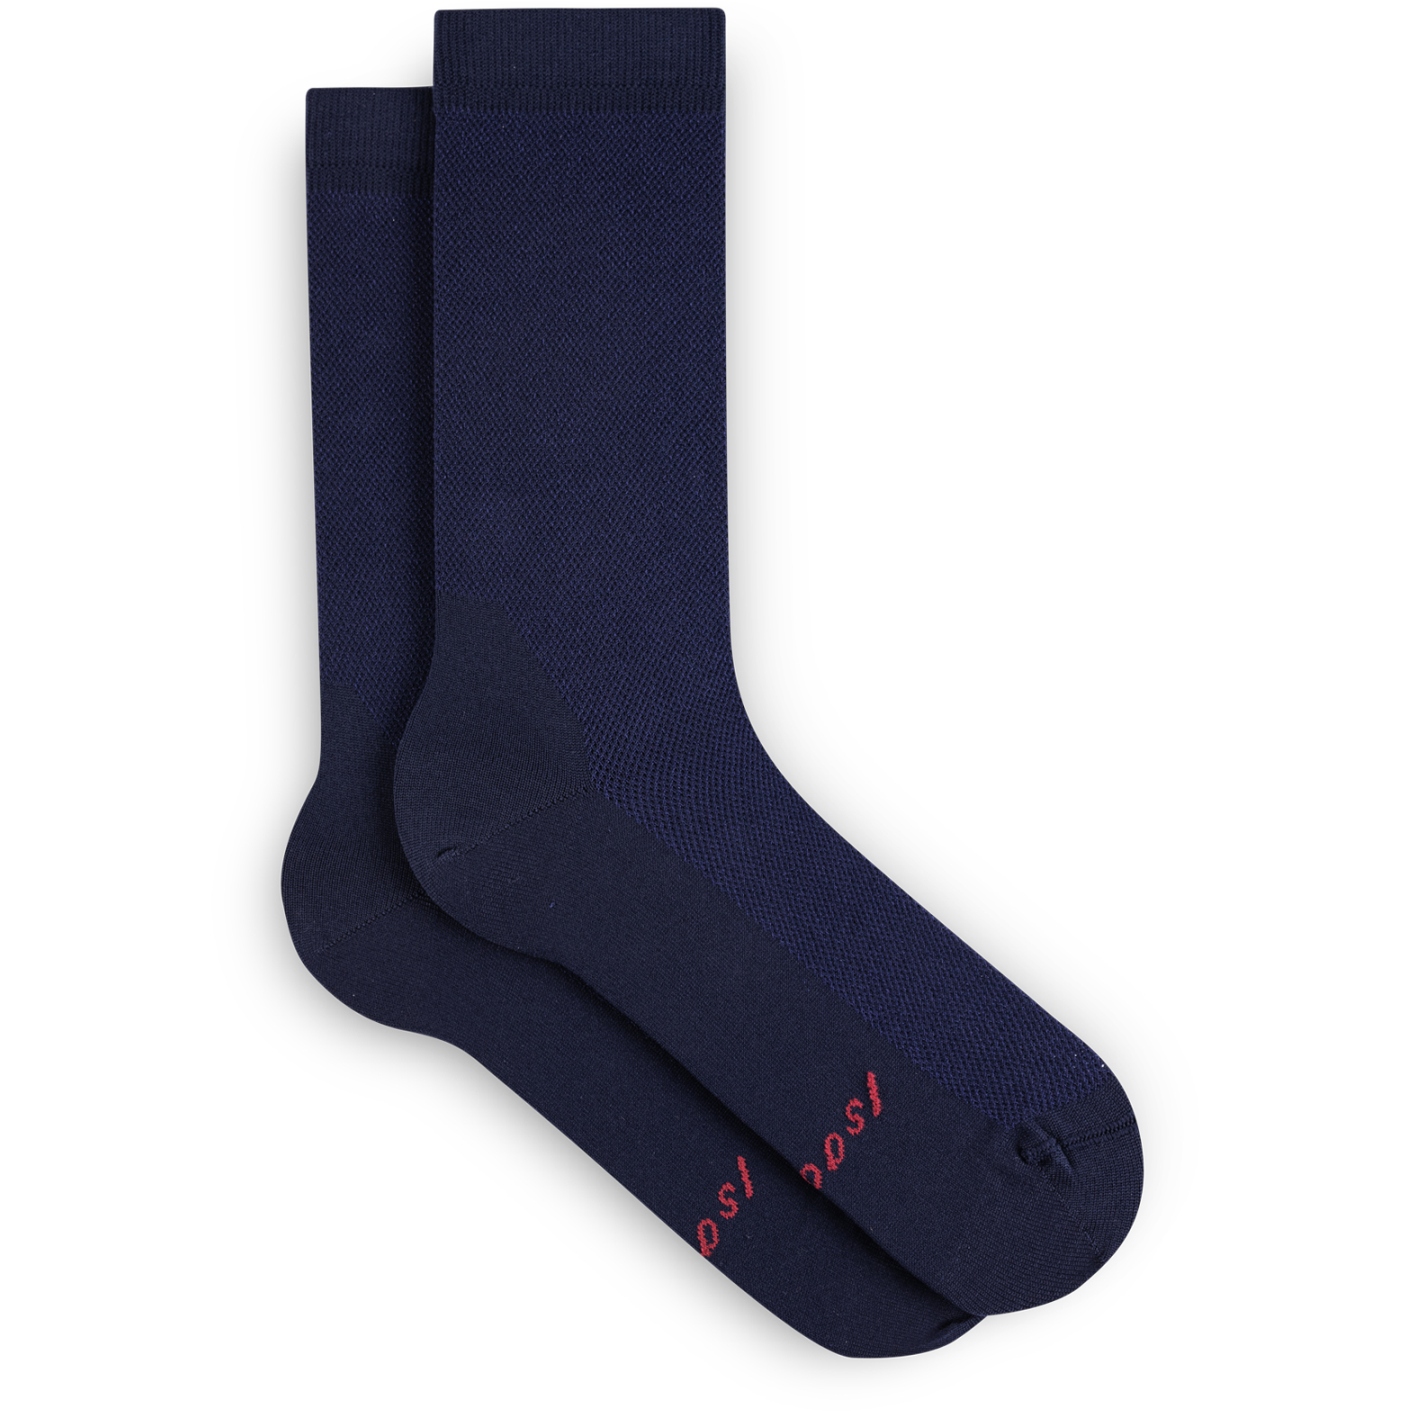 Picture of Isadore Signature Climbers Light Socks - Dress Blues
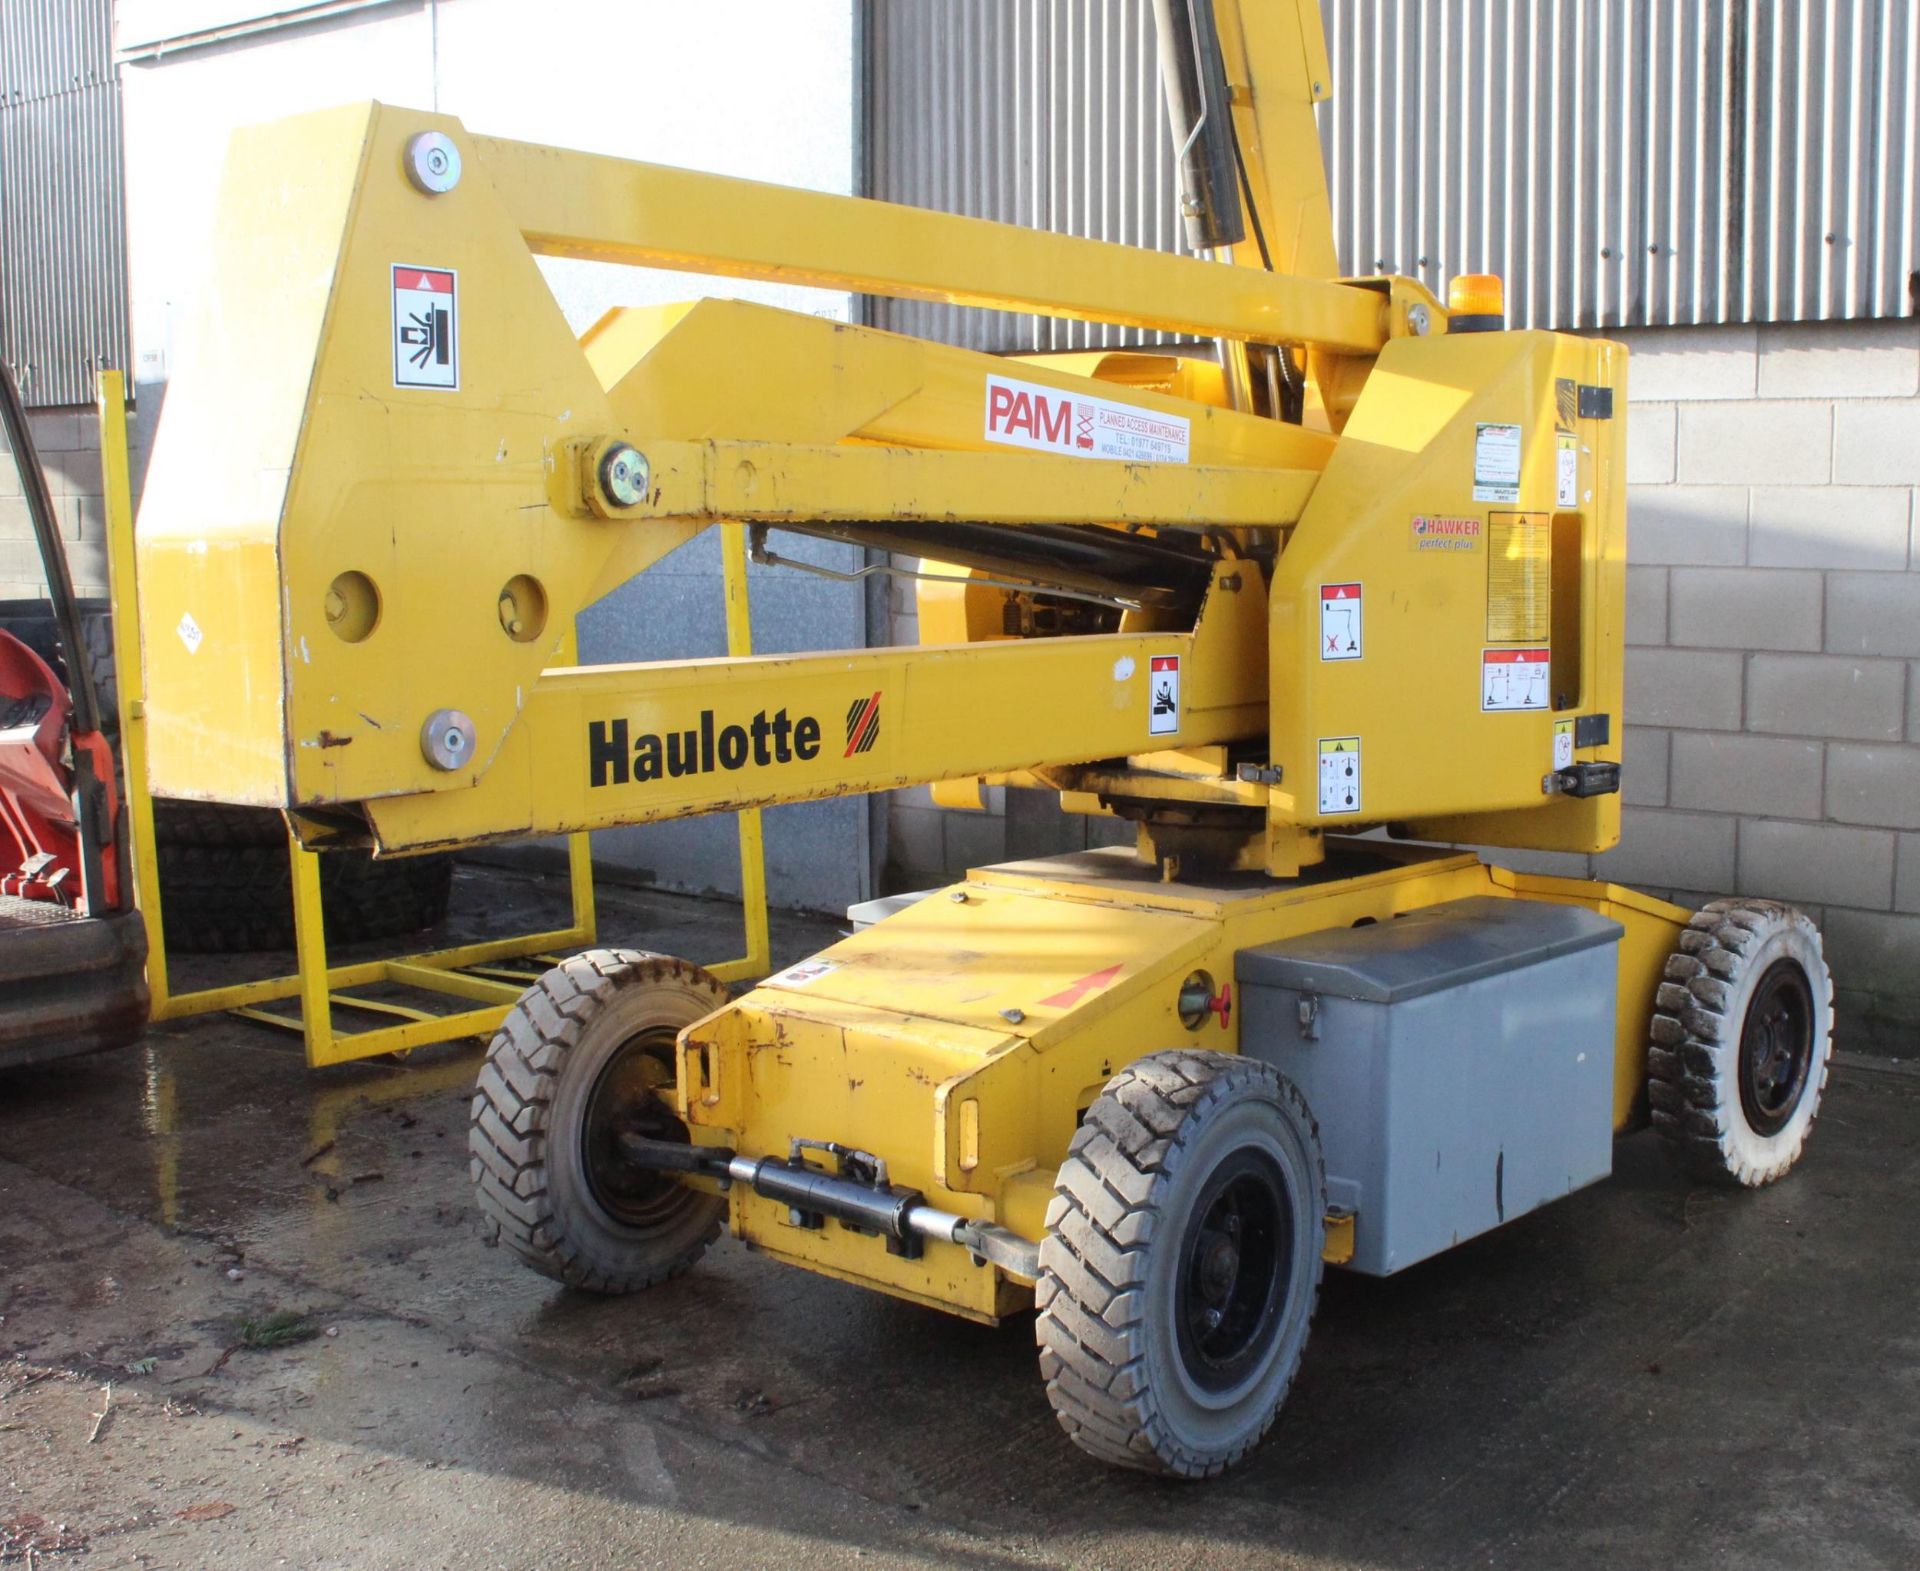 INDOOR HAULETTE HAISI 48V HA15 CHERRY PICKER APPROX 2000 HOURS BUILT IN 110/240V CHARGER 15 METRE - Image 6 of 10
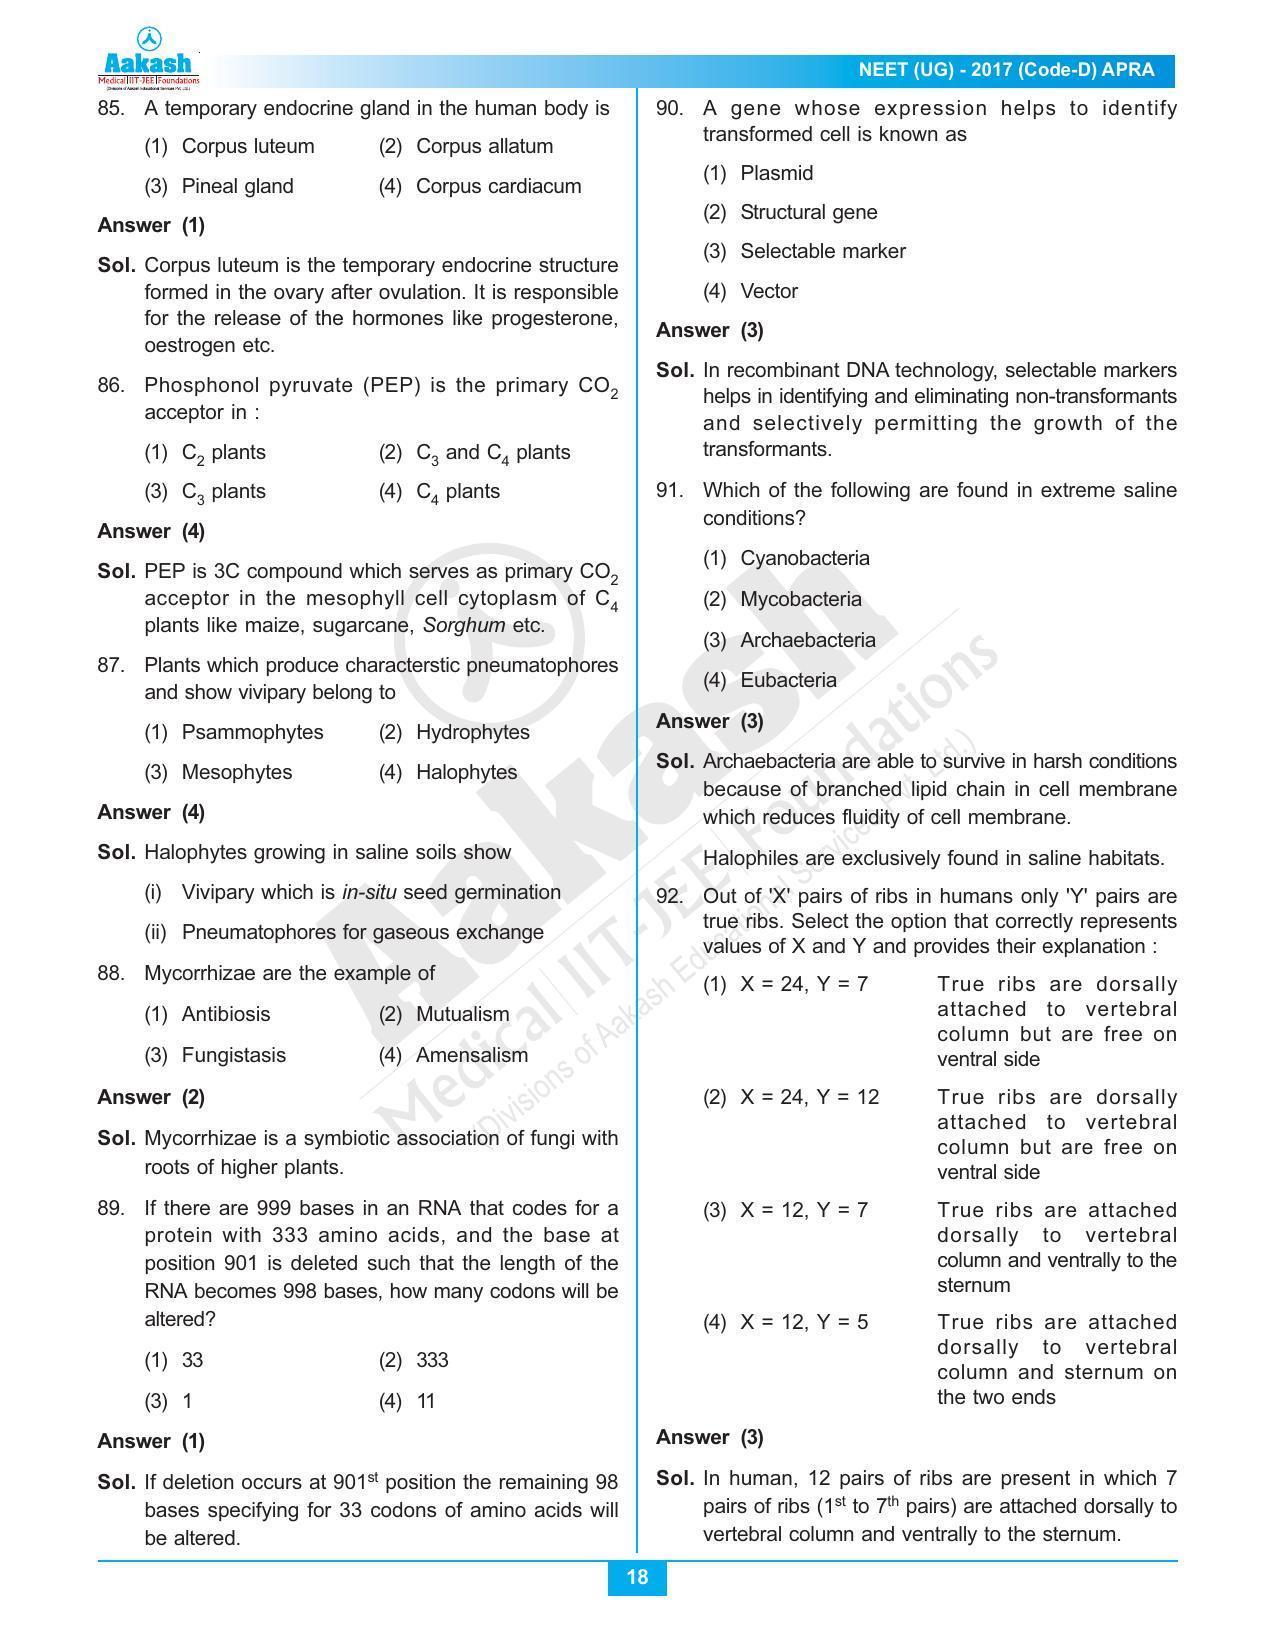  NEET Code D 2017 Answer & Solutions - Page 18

> [Task item]:
Full transcription of the material, exact in every line, without images.

> [Answer section]:
 Picture of Isadore Signature Climbers Light Socks - Dress Blues
 INDOOR HAULETTE HAISI 48V HA15 CHERRY PICKER APPROX 2000 HOURS BUILT IN 110/240V CHARGER 15 METRE - Image 6 of 10
  NEET Code D 2017 Answer & Solutions - Page 18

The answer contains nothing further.